§ **The problem**:
Without the pictures, give the listing below again exactly.

§ **Stored data**:
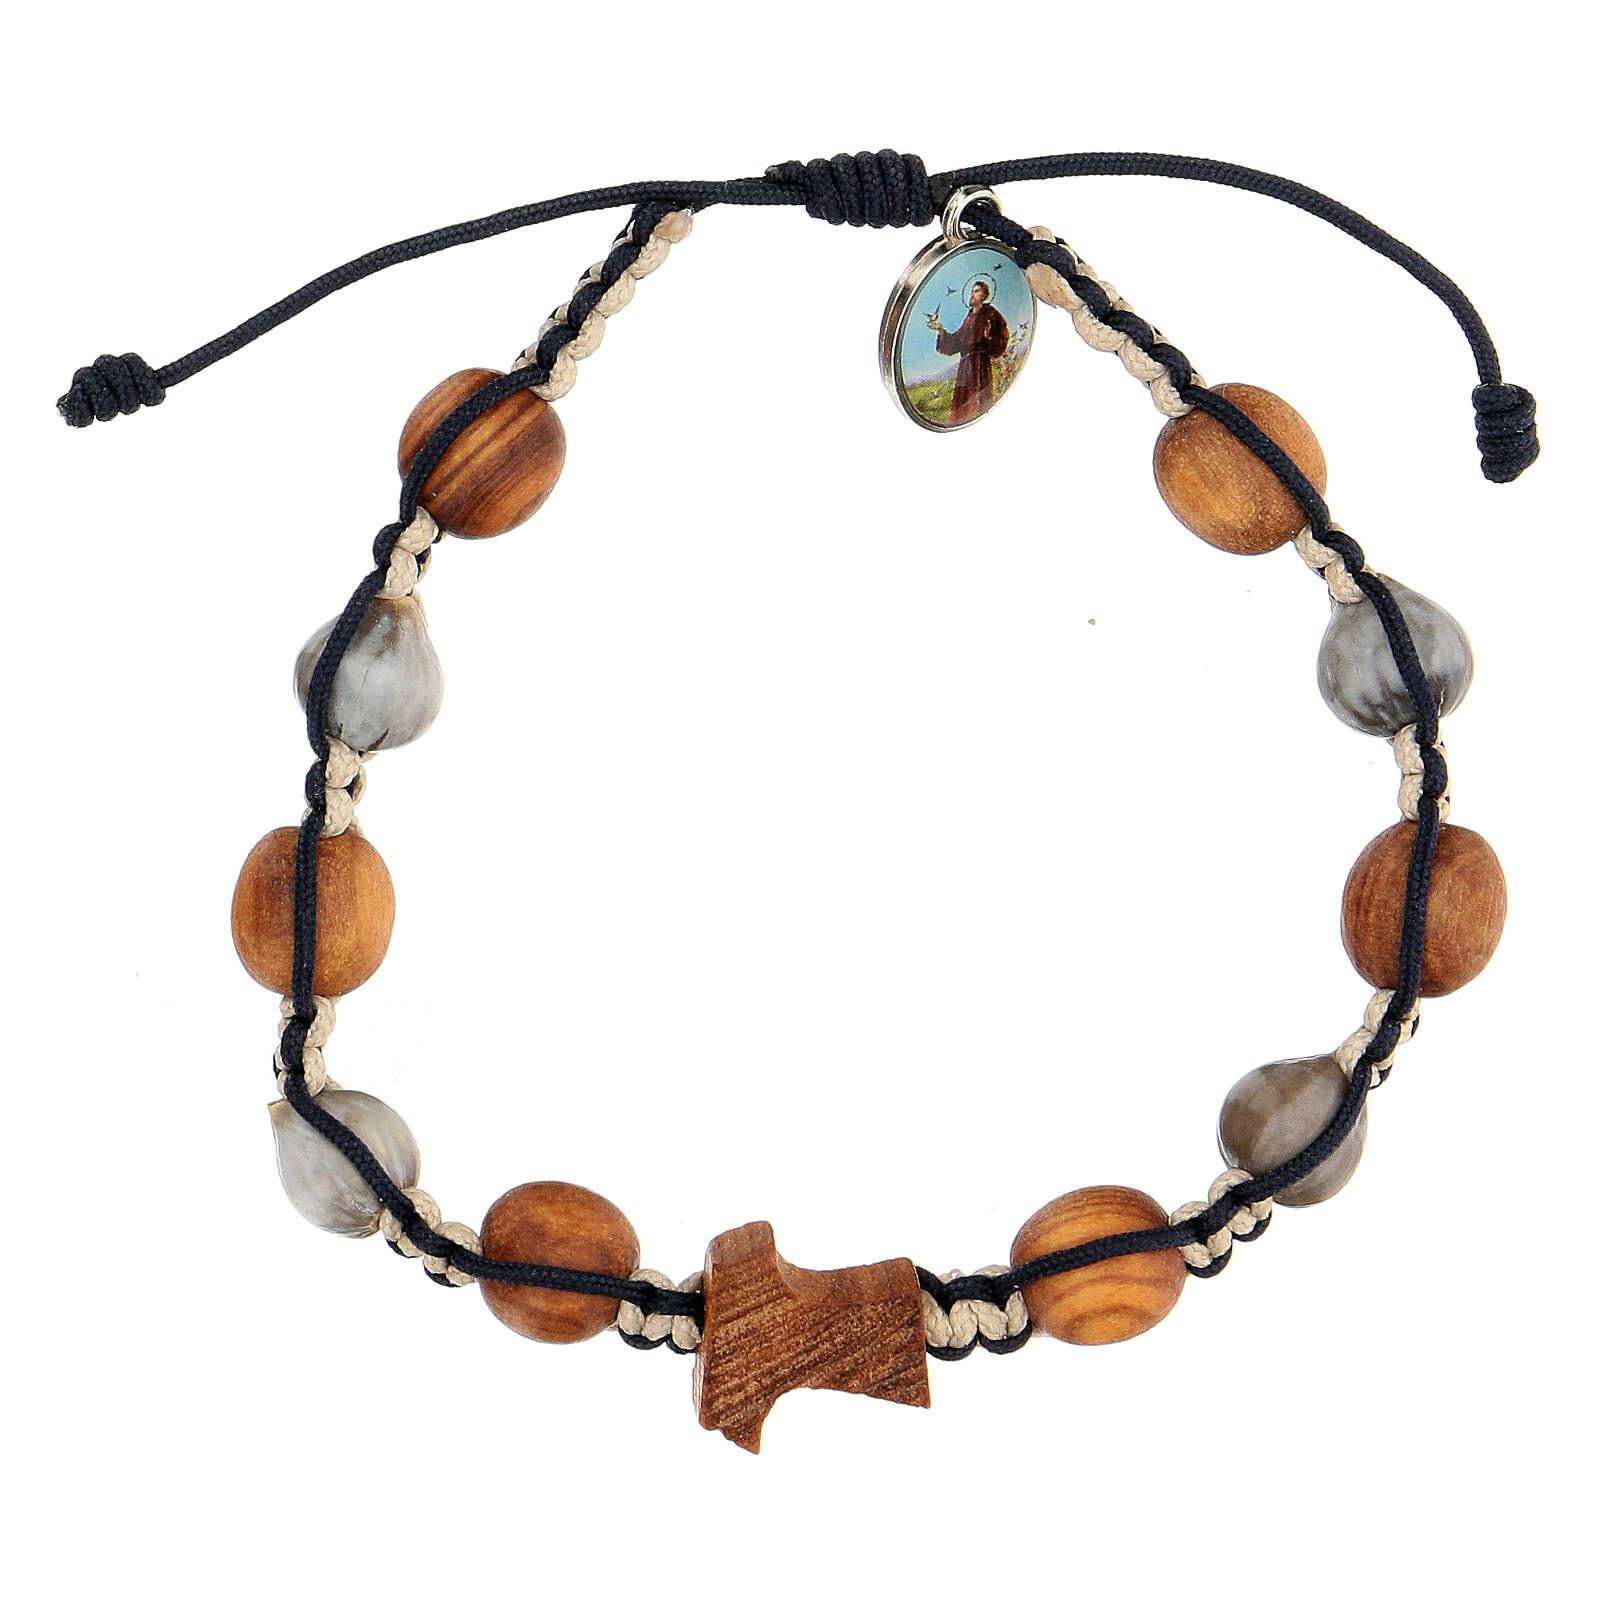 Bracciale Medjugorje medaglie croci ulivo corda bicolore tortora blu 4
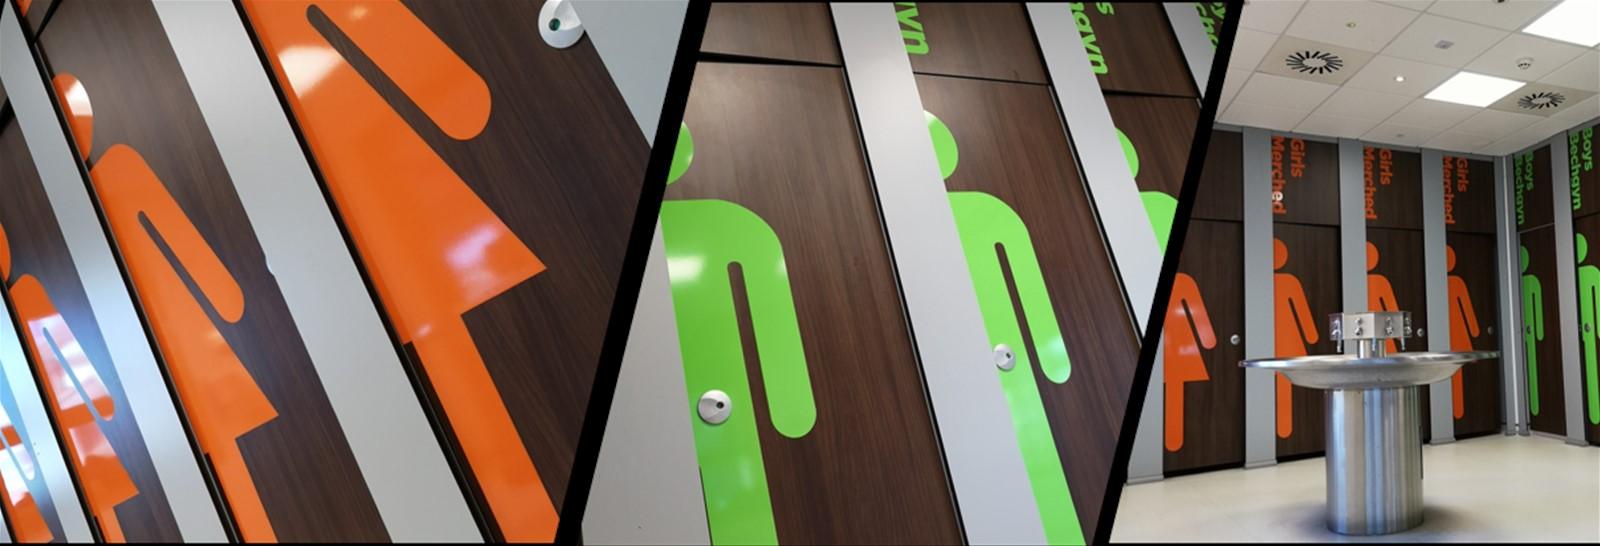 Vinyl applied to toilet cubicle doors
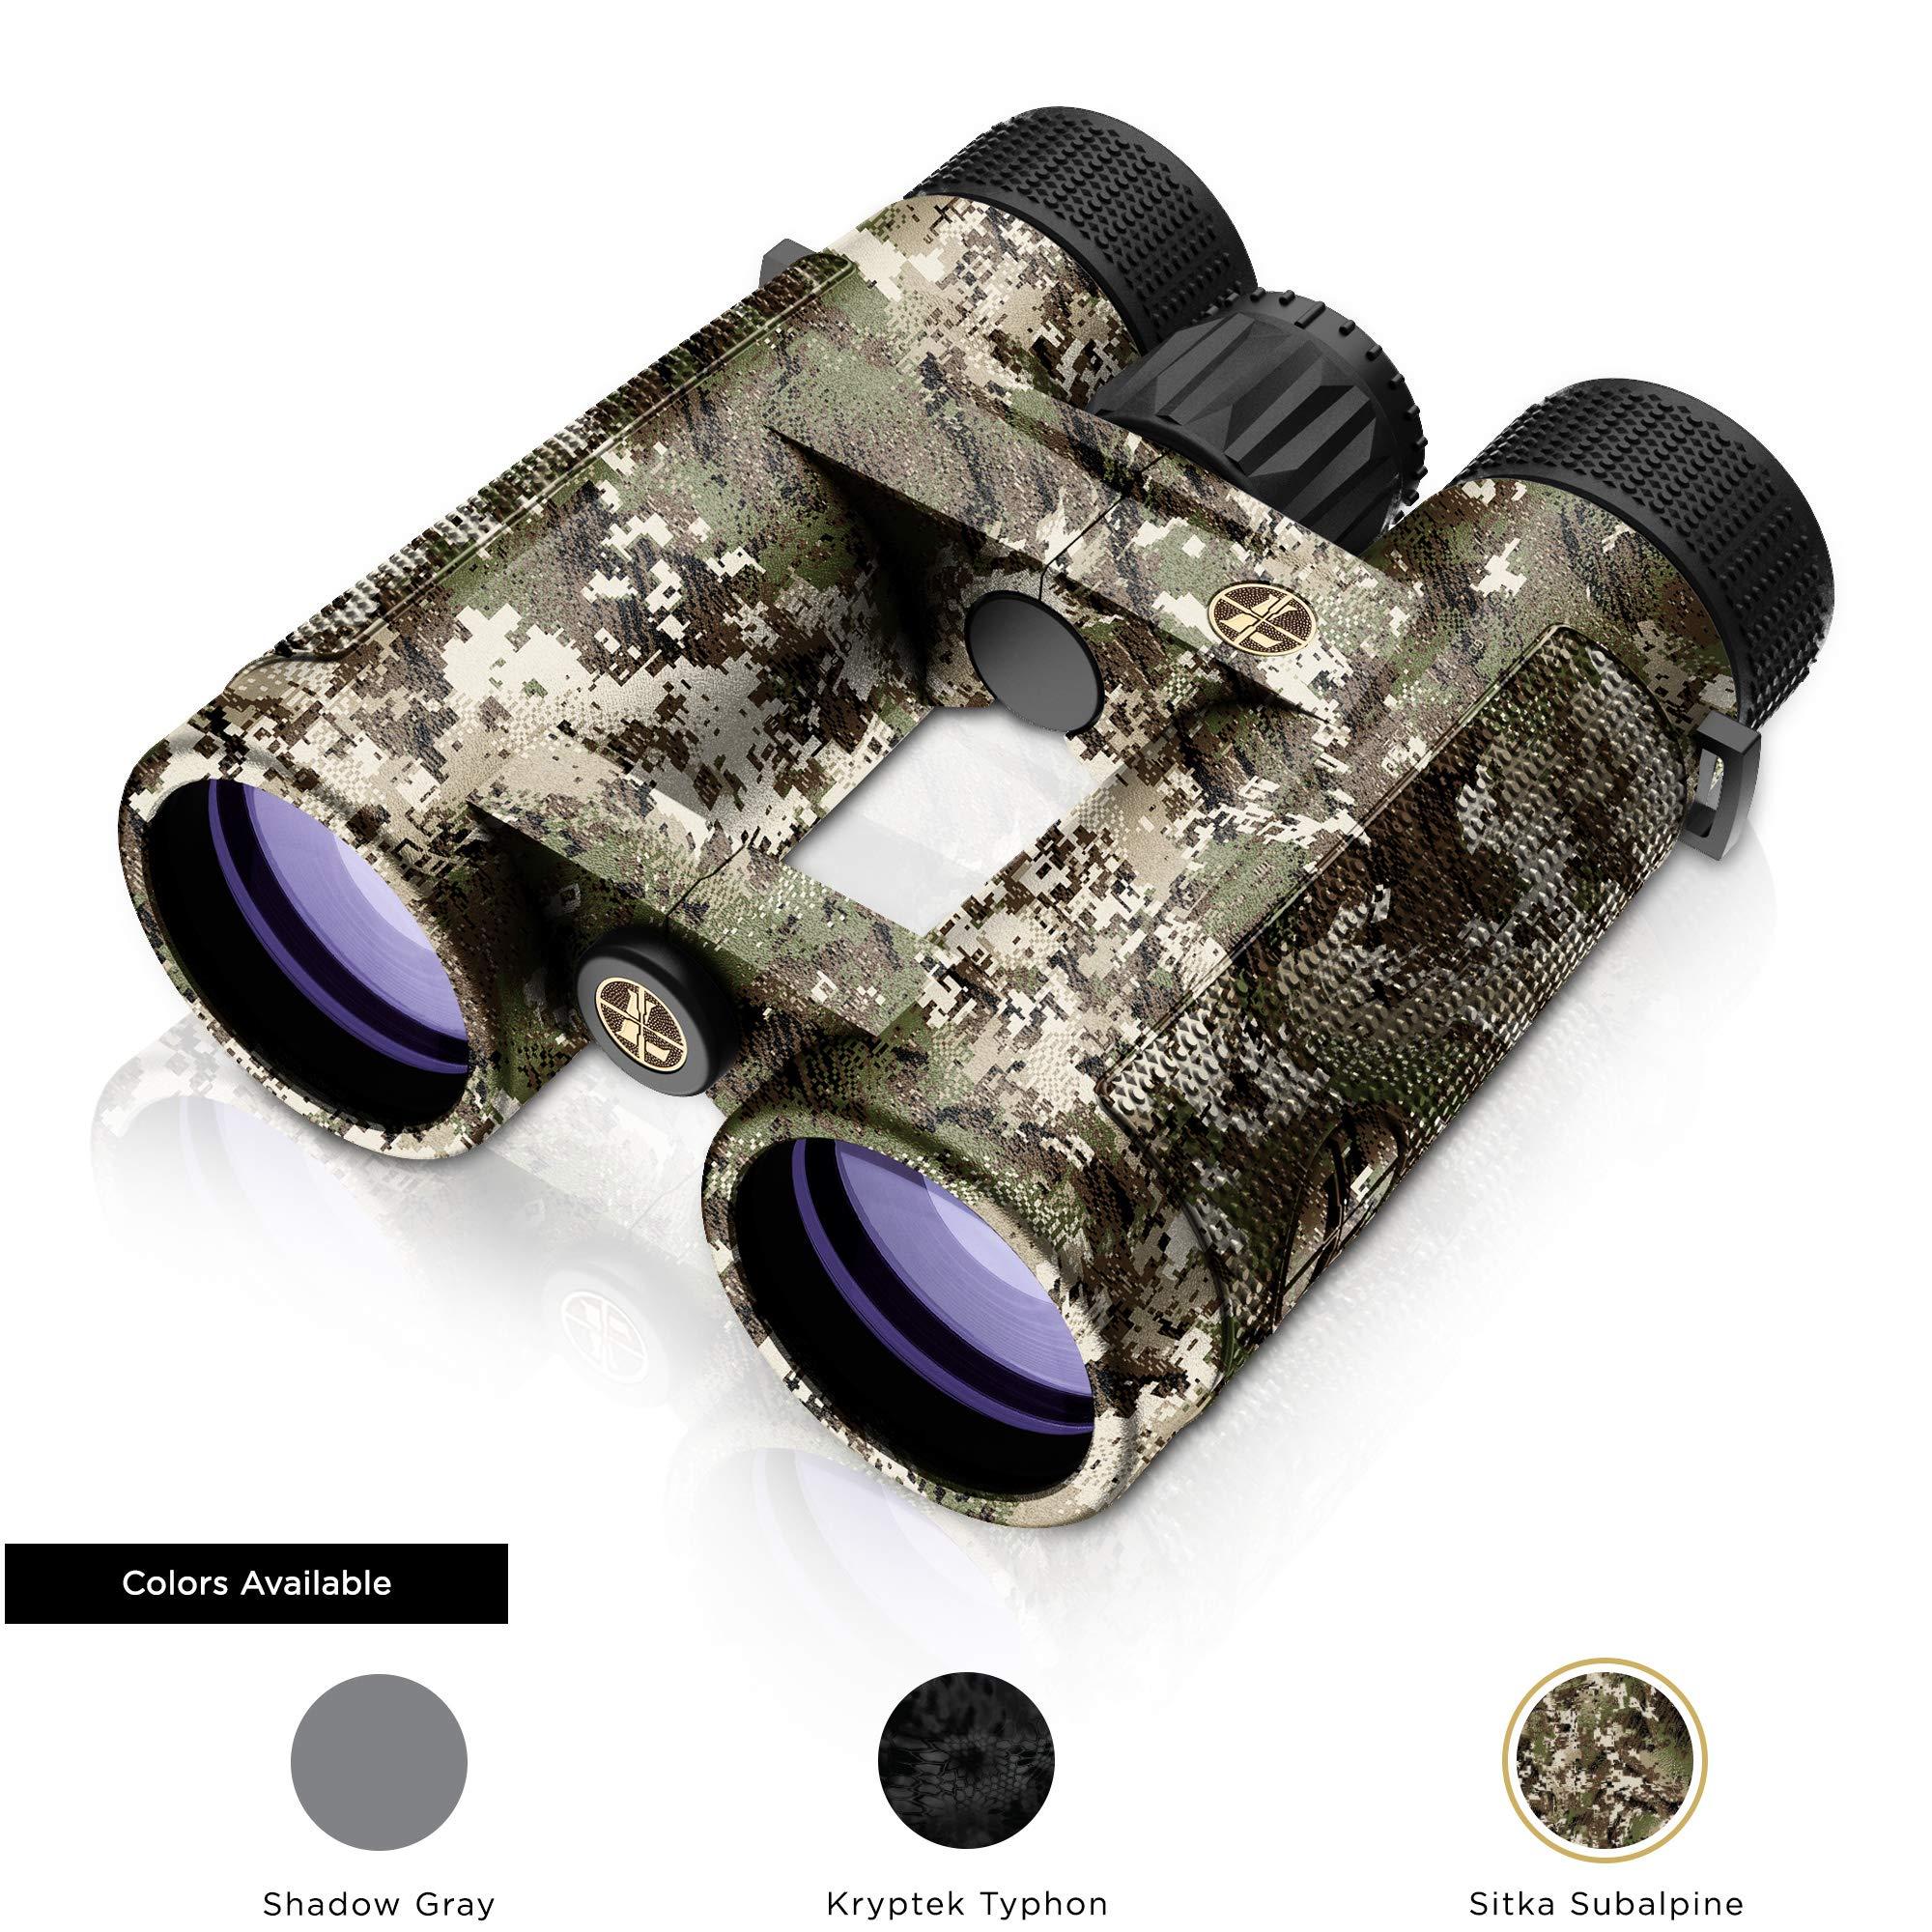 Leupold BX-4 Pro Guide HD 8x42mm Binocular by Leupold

§ **Solution**:
 Bracciale Medjugorje medaglie croci ulivo corda bicolore tortora blu 4
 Vinyl applied to toilet cubicle doors
 Leupold BX-4 Pro Guide HD 8x42mm Binocular by Leupold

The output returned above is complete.